Sure the Classe/B&W system that DanG and I heard sounded a bit fake and overdone, but it also had good qualities. The soundstage was unreal with insane imaging, and had a rich midrange that is just an ease to listen to. It was a little too weighty for my tastes though. I believe you can still get imediacy with a speaker system, the Vandersteen 3A Signatures I feel are very at one with the music and given a chance can sound magically intimate, even with the ****ty ass source amp and room at my local "hi-fi" store that sells them. I sure would love to hear them with the Classe CA-201 amp and a nice tubed pre, of course the Cary CD-303/200 as the source.
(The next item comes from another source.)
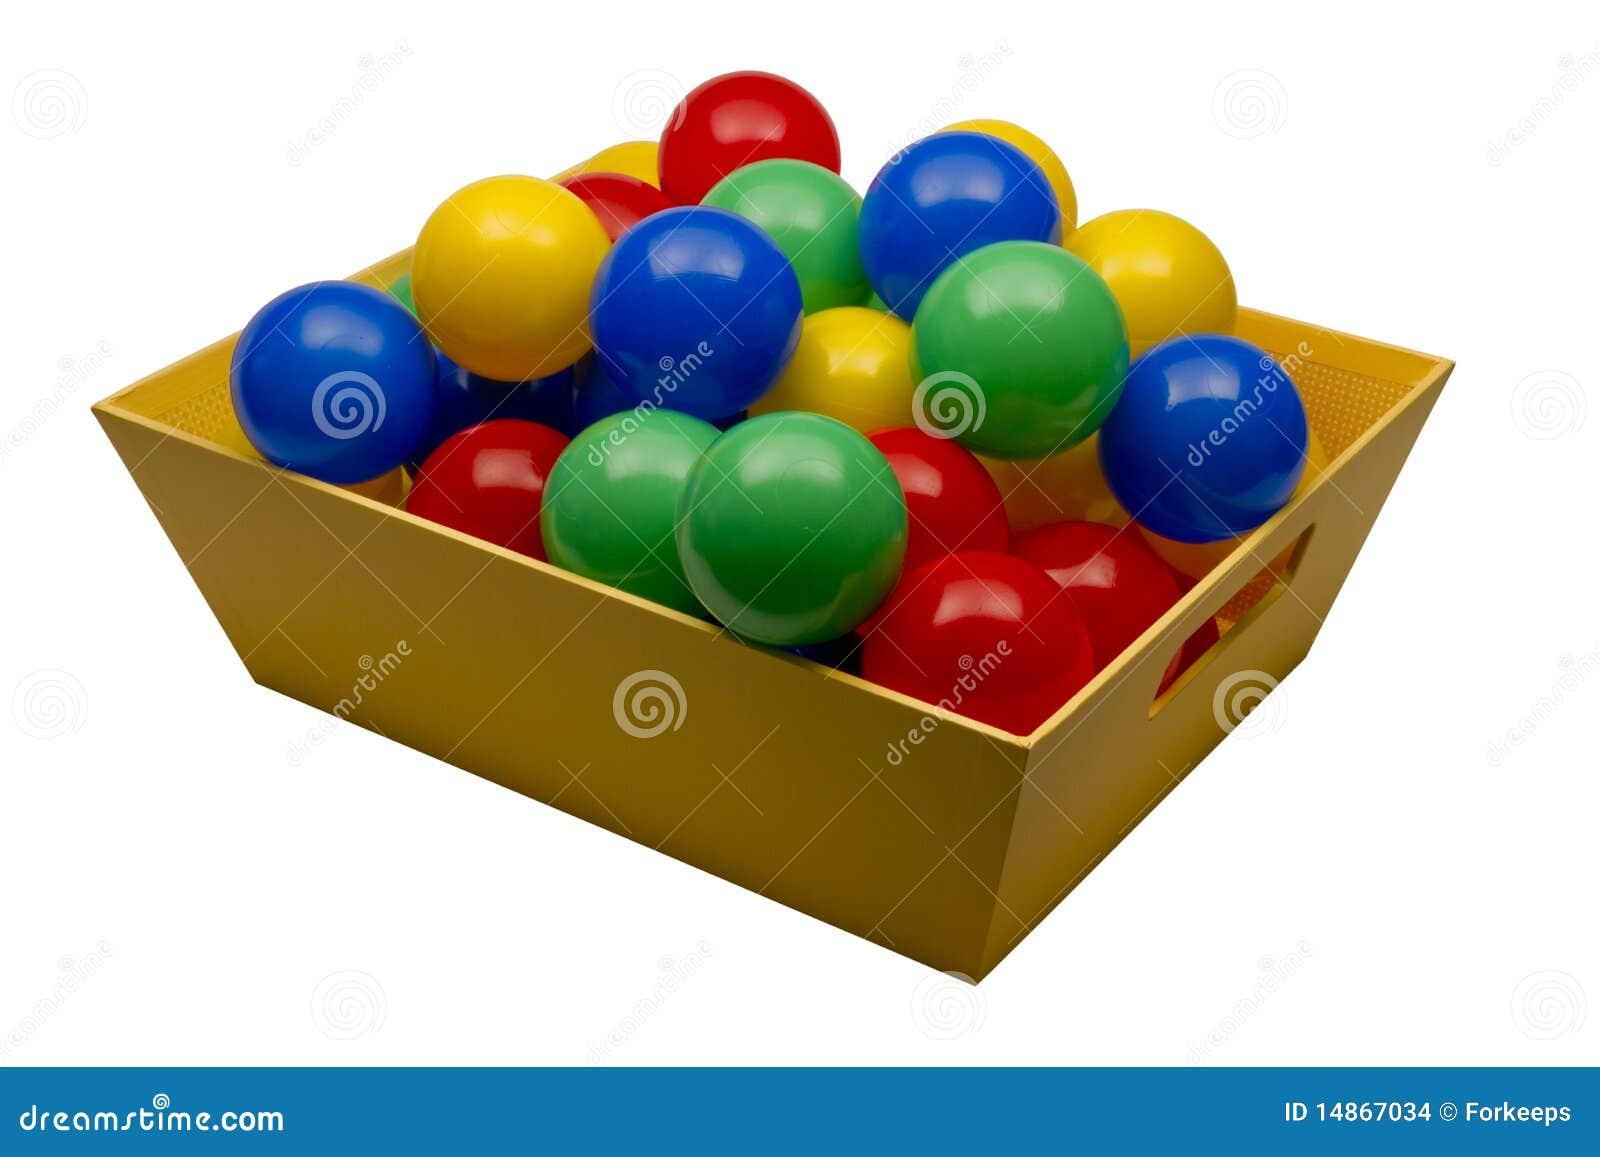 Plastic Toy Balls : Plastic toy balls stock images image

DanG's system sounds marvelous, very natural tone, body and decay, however, I still craved a more open sound. It could improve, but ultimately I think I can only truely get that with a speaker system. Hell even the Orpheus would not completely fill my goals...
And I thought you said you preferred musicality over details?
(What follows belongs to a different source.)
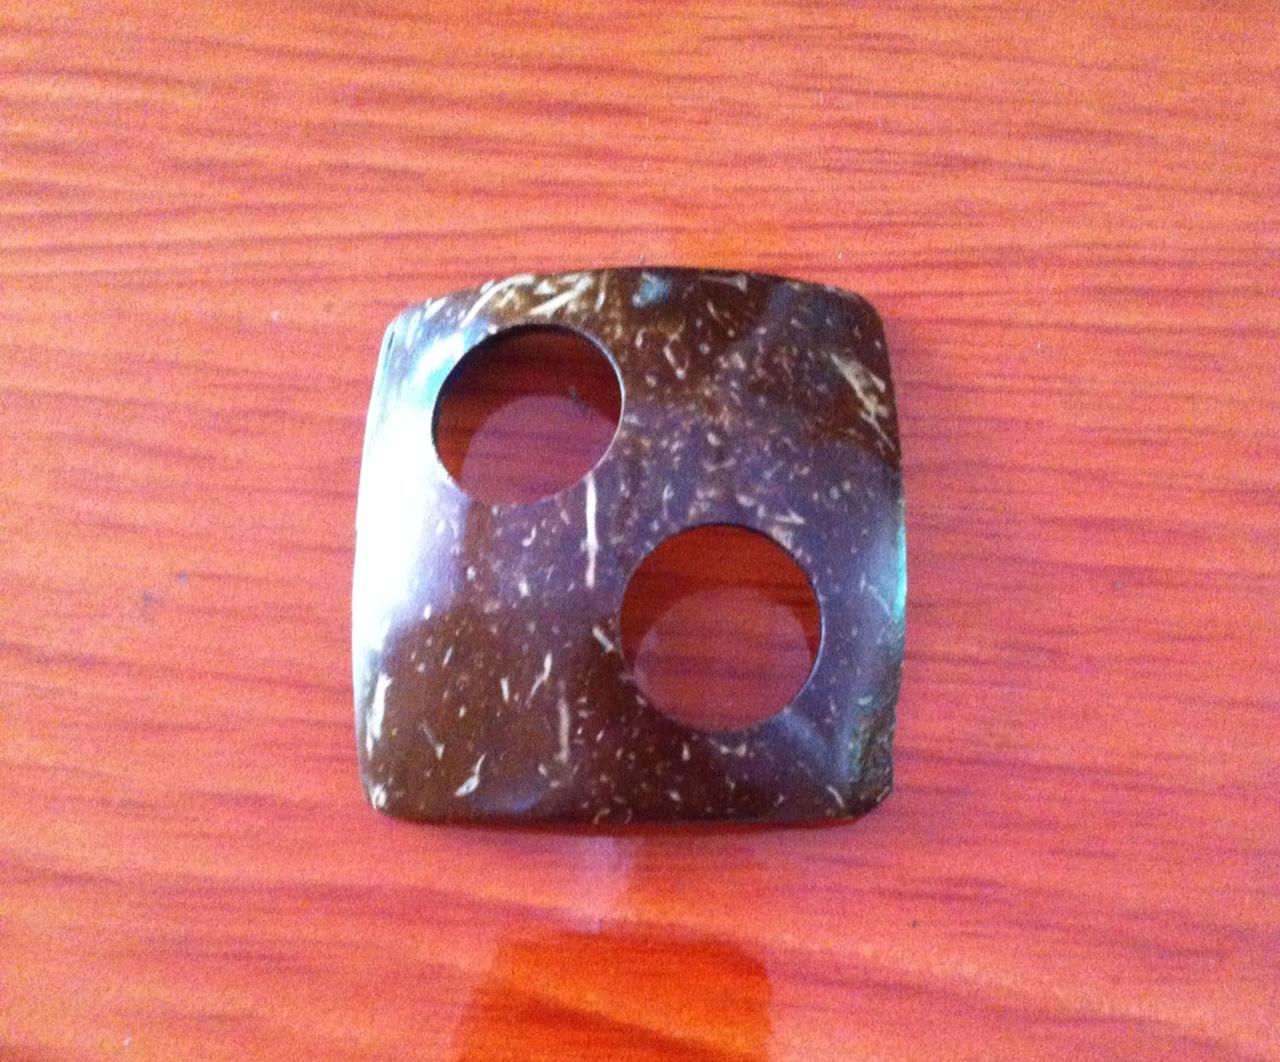 Coconut Buckle (Square) (หัวเข็มขัดกะลามะพร้าวรูปสี่เหลี่ยมด้านเท่า สี่เหลี่ยมขนมเปียกปูน)

With your preferences I would have thought speakers would be a no-brainer for you.
I believe that's the sign of a truly accurate system: having so much resolution that you don't notice the details anymore, having so much resolution that the sonic picture becomes seamless, that all 100 instruments in your symphonic orchestra play together. And violins for example are supposed to blend sonically, it's a goal better orchestras are able to achieve: playing together and in unison. I know there are some systems that are so good at doing their hifi-stuff and that have such a busy sonic character that one is just overwhelmed by their ability to subjectively double the number of musicians to 200. But as I said: I believe the goal of audio systems is to disappear. I don't want to be impressed by what they do with the signal, by the effects and sonic fireworks they generate, I want to impressed by the fact how little I hear them, how immersive the musical experience is they allow. And it is possible to get this in one package: resolution, transparency and musicality. I honestly believe that these things are closely related. I want detail, absolutely, but I want all those details properly connected. And I believe headphones are capable of doing both: reproducing the musical performance as a whole while resolving subtle nuances at the same time.